ContextualAI / gritlm

Generative Representational Instruction Tuning
https://arxiv.org/abs/2402.09906
MIT License
567 stars 40 forks source link

saving the trained model for inference #66

Open zhj2022 opened 3 days ago

zhj2022 commented 3 days ago

The original run.py saves the model in pytorch_model.bin, which cannot be loaded directly using the code provided in this repository. After replacing line 422 trainer.save_model() in training/run.py with model.model.save_pretrained(training_args.output_dir), the saved model can be directly used for inference.
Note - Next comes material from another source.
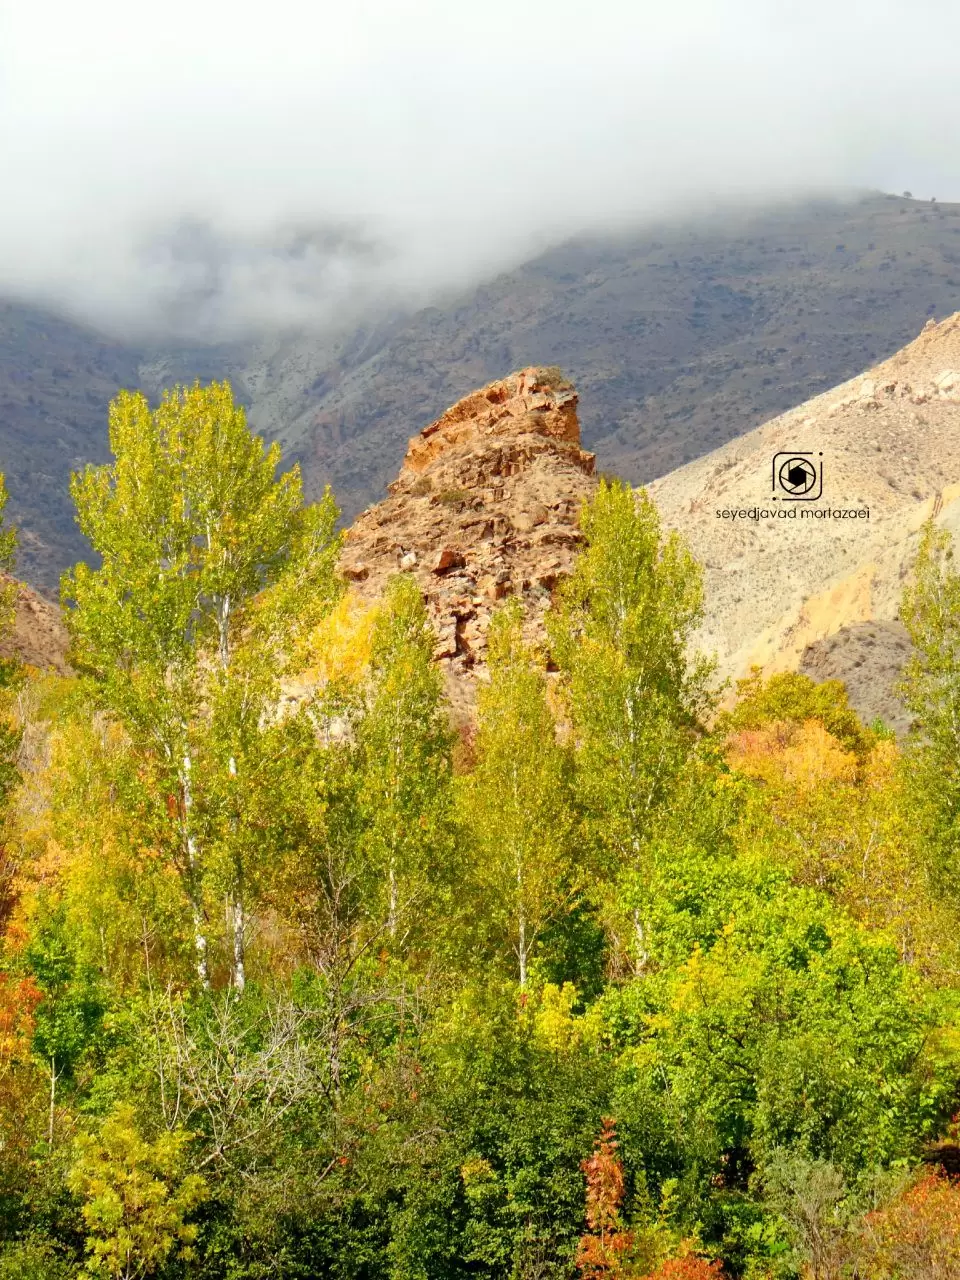 عکسی زیبا از طبیعت پاییزی روستای ارزیل بخش خاروانا شهرستان ورزقان / عکس از سید حواد مرتضایی

However, when using fsdp, this method doesn't work anymore. For example, when I use the command accelerate launch --config_file config_4gpusfsdp_llama.yml --num_machines 1 --num_processes 4 -m training.run --output_dir llama3test --model_name_or_path meta-llama/Meta-Llama-3-8B-Instruct --train_data training/toy_data --learning_rate 1e-5 --num_train_epochs 5 --per_device_train_batch_size 1 --dataloader_drop_last True --normalized True --temperature 0.02 --query_max_len 32 --passage_max_len 128 --train_group_size 2 --mode unified --attn cccc --attn_implementation sdpa --no_gen_gas --no_emb_gas --split_emb --bf16, I can get a trained model which is stored in ./llama3test. But when I execute the following code for inference:

from gritlm import GritLM

# Loads the model for both capabilities; If you only need embedding pass `mode="embedding"` to save memory (no lm head)
model = GritLM("llama3test", torch_dtype="auto")
# To load the 8x7B you will likely need multiple GPUs.
# All the kwargs are passed to HF from_pretrained so you can just do the below to load on multiple GPUs:
# model = GritLM("GritLM/GritLM-8x7B", torch_dtype="auto", device_map="auto")
# You can also load other models e.g.
# model = GritLM("Muennighoff/SGPT-125M-weightedmean-nli-bitfit", pooling_method="weighted_mean", attn=None)
# model = GritLM("hkunlp/instructor-base", pooling_method="mean", attn=None)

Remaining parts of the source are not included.